Possible interpretation of the above computation:
the probability to get 5 or more events is equal to $1.7 \cdot 10^{-4}$ under the hypothesis that they are generated by the background process

more detailed investigation: plus-minus interval¶

the variance of the Poisson random variable, $\sigma^2=\mathbf{Var}X = \mathbf{E}X$
our estimate of $\nu = 5$, $\nu = \nu_s + \nu_b$
adding $\sigma$ as the plus/minus component, we get $\hat{\nu} = 5 \pm \sqrt{5}$
the same for the specific event rate: $\hat{\nu}_s = 4.5 \pm 2.3$
the interval $\hat{\nu}_s = 4.5 \pm 4.6$ with doubled plus-minus component includes $0$, which is misleading as we recall the $p$-value equaled to $1.7\cdot 10^{-4}$

Question:
How to resolve this controversion between the arguments based on the p-value and the interval estimate?
* The interval estimate invloves the probabilities that the Poisson random variable with the mean $\nu=5$ fluctuates downward to $\nu_b = 0.5$ or lower.

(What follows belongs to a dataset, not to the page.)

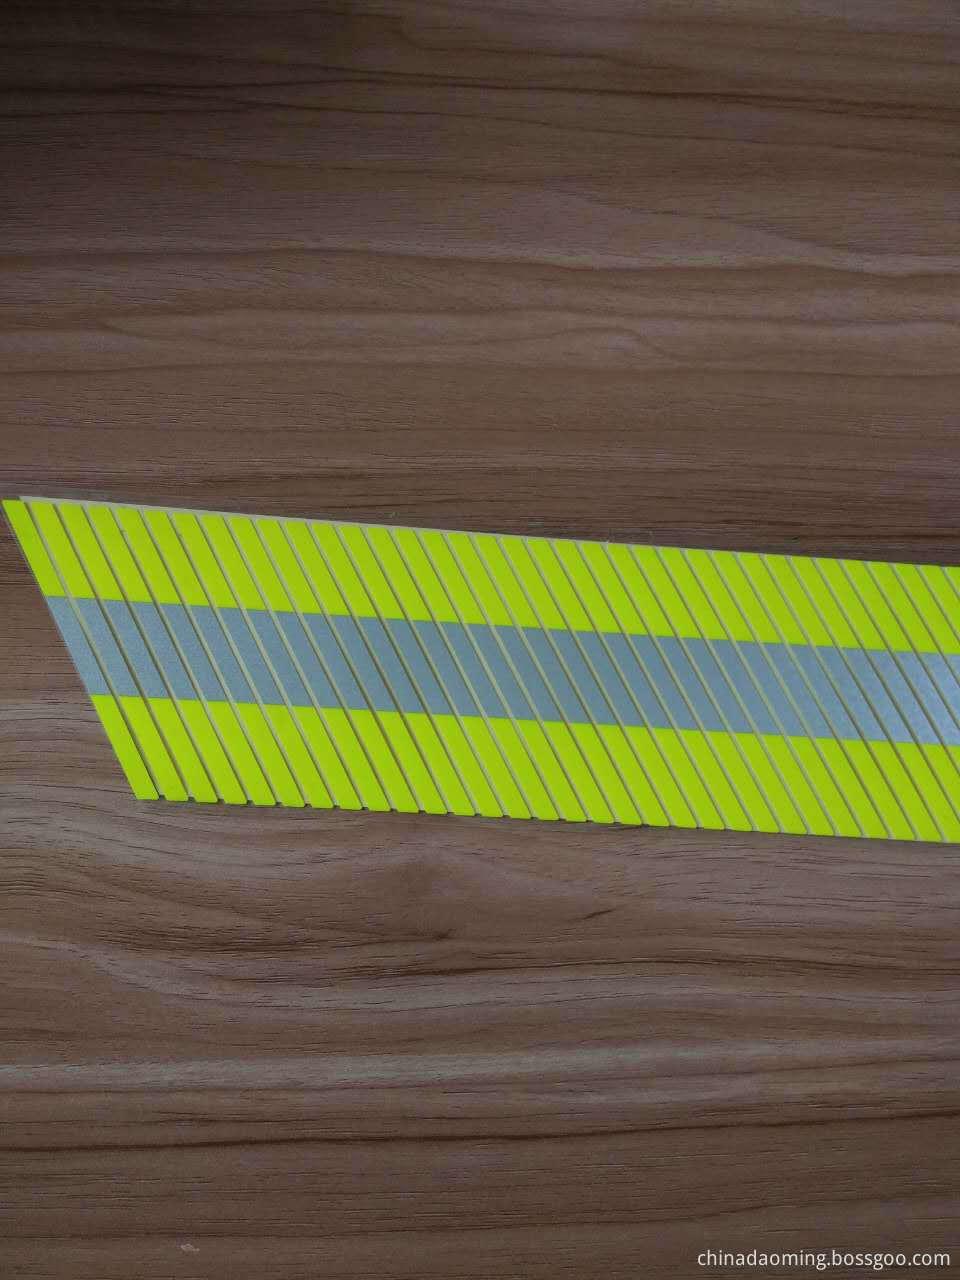 D1995 Flame Retardant Segmented Reflective Tape
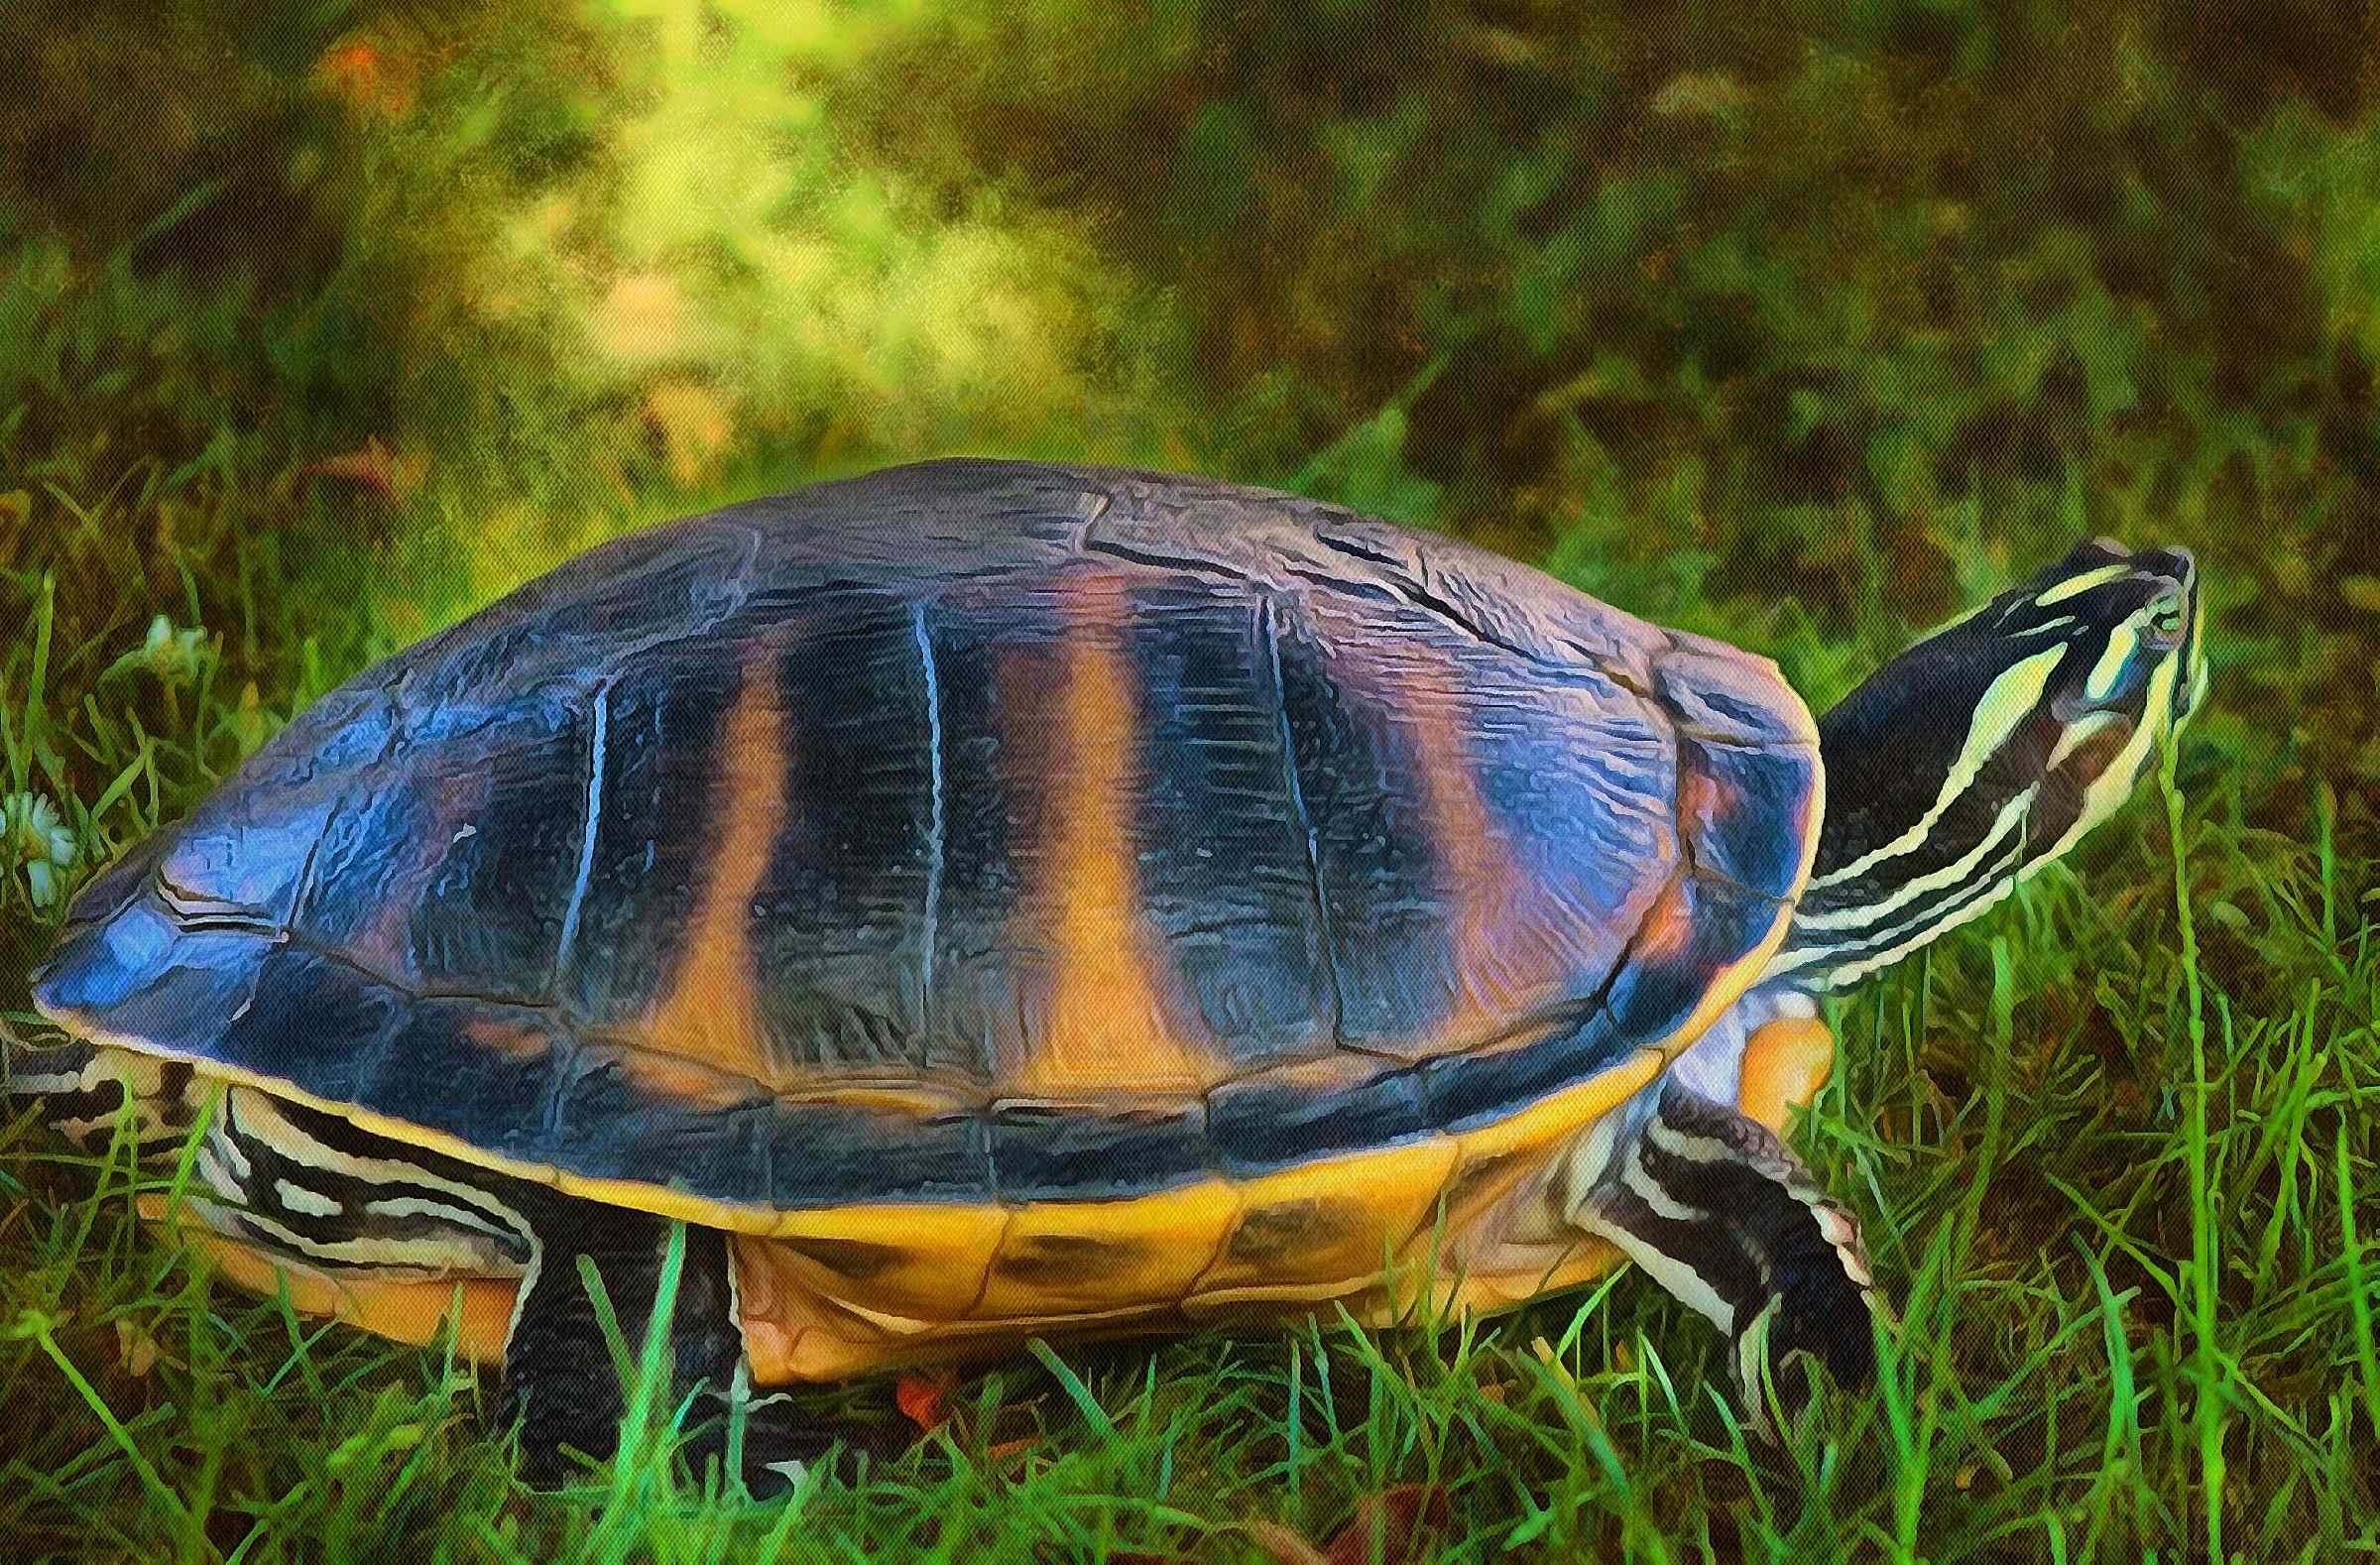 Turtle free images, Free Tortoise images, – free images turtles, tortoise public domain images, Turtle public domain images, Tortoise free!

That is incorrect * On the contrary, `p-value` indicates that the Poisson random variable with mean $\mu_b = 0.5$ fluctuates to $n_{\text{obs}} = 5$ or higher

The practice of displaying measured values of Poisson variables with an error bar given by the square root of the observed value unfortunately encourages the incorrect interpretation

Errors in the parameter estimations¶

Assume that the background rate is $0.8$ instead of $0.5$. Then the p-value is

ss = prob_greater_poisson(5, 0.8)
print('Probability to observe these or more extreme data, p-value:', ss)
print('New_probability / Old_probability = ', 
      prob_greater_poisson(5, 0.8) / prob_greater_poisson(5, 0.5))

Probability to observe these or more extreme data, p-value: 0.0014113101458866906
New_probability / Old_probability =  8.199779103439152

Thus, the new probability is approximately $10$ times larger

Deviation of the binned data from the background¶

x_back = [i+0.5 for i in range(20)]
v_back = [1.50, 1.55, 1.75, 1.85, 1.95, 1.94, 1.87, 1.76, 1.70, 1.68, 1.65, 1.64, 1.60, 1.58,
         1.55, 1.20, 1.0, 0.50, 0.22, 0.10]
x_obs = [i+0.5 for i in range(20)]
v_obs = [1, 2, 2, 0, 3, 1, 1, 2, 5, 6, 1, 0, 1, 2, 1, 3, 1, 0, 1, 0]

import matplotlib.pyplot as plt

fig = plt.figure(figsize=(8, 4))
ax = plt.subplot(1,1,1)
ax.plot(x_back, v_back, label='background', linestyle='--')
ax.plot(x_obs, v_obs, label='observations', marker='o', markersize=6)
ax.set_ylabel('Frequency')
ax.legend()
plt.show()

Outliers¶

Are values $n(8.5) = 5$ and $n(9.5) = 6$ outliers that are incosistent with the background level?

print('Background rate when the observed values seem to be extreme', 
      v_back[8] + v_back[9])

Background rate when the observed values seem to be extreme 3.38

Attempt to use the previous approach¶

To what extent $5+6=11$ events are extreme when the background rate is $3.38$
The above formula for the p-value returns

print('Probability {n >= 11 | rate = 3.38} = ', prob_greater_poisson(11, 3.38))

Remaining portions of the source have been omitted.